EXERCISE DESCRIPTION:
Each line of the listing below must be retyped exactly, with images left out.

DATA EXCERPT:
======
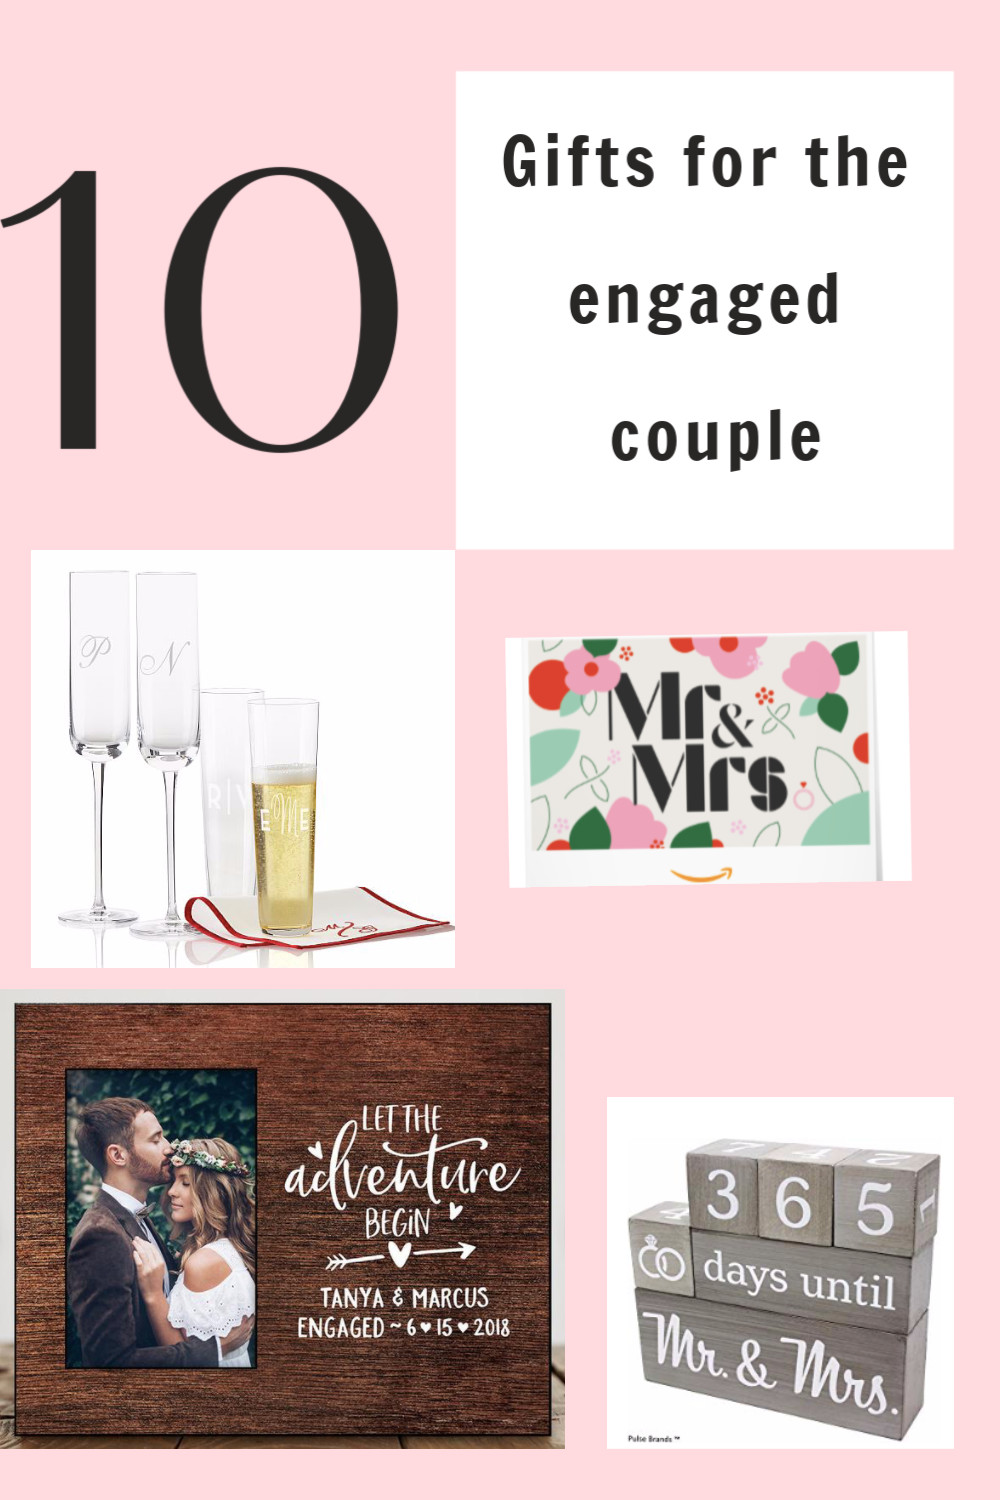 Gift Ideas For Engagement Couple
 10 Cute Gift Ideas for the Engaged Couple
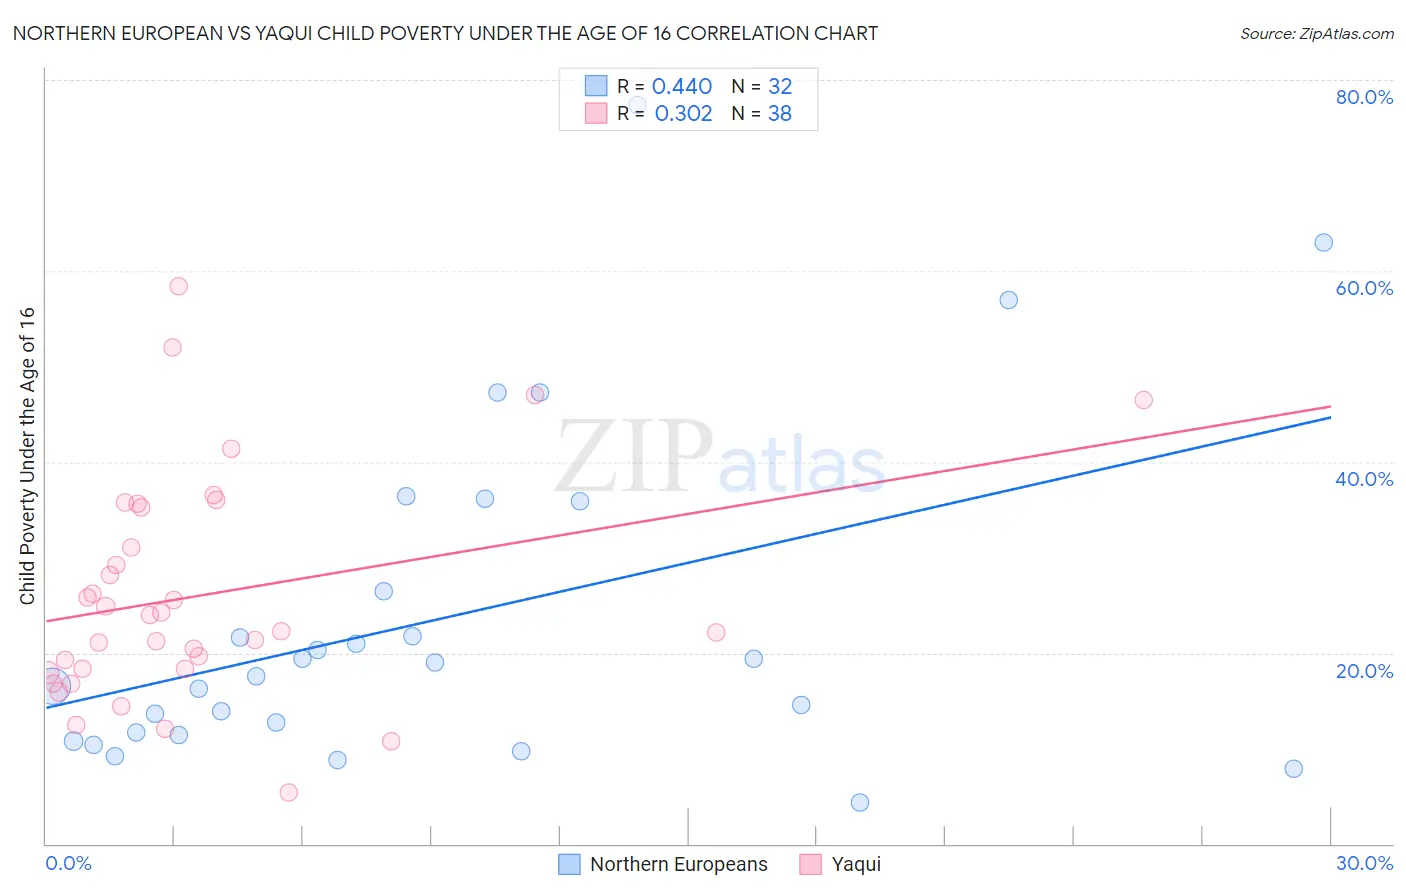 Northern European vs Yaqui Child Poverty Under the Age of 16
======
ANSWER FOR THE TASK:
 Gift Ideas For Engagement Couple
 10 Cute Gift Ideas for the Engaged Couple
 Northern European vs Yaqui Child Poverty Under the Age of 16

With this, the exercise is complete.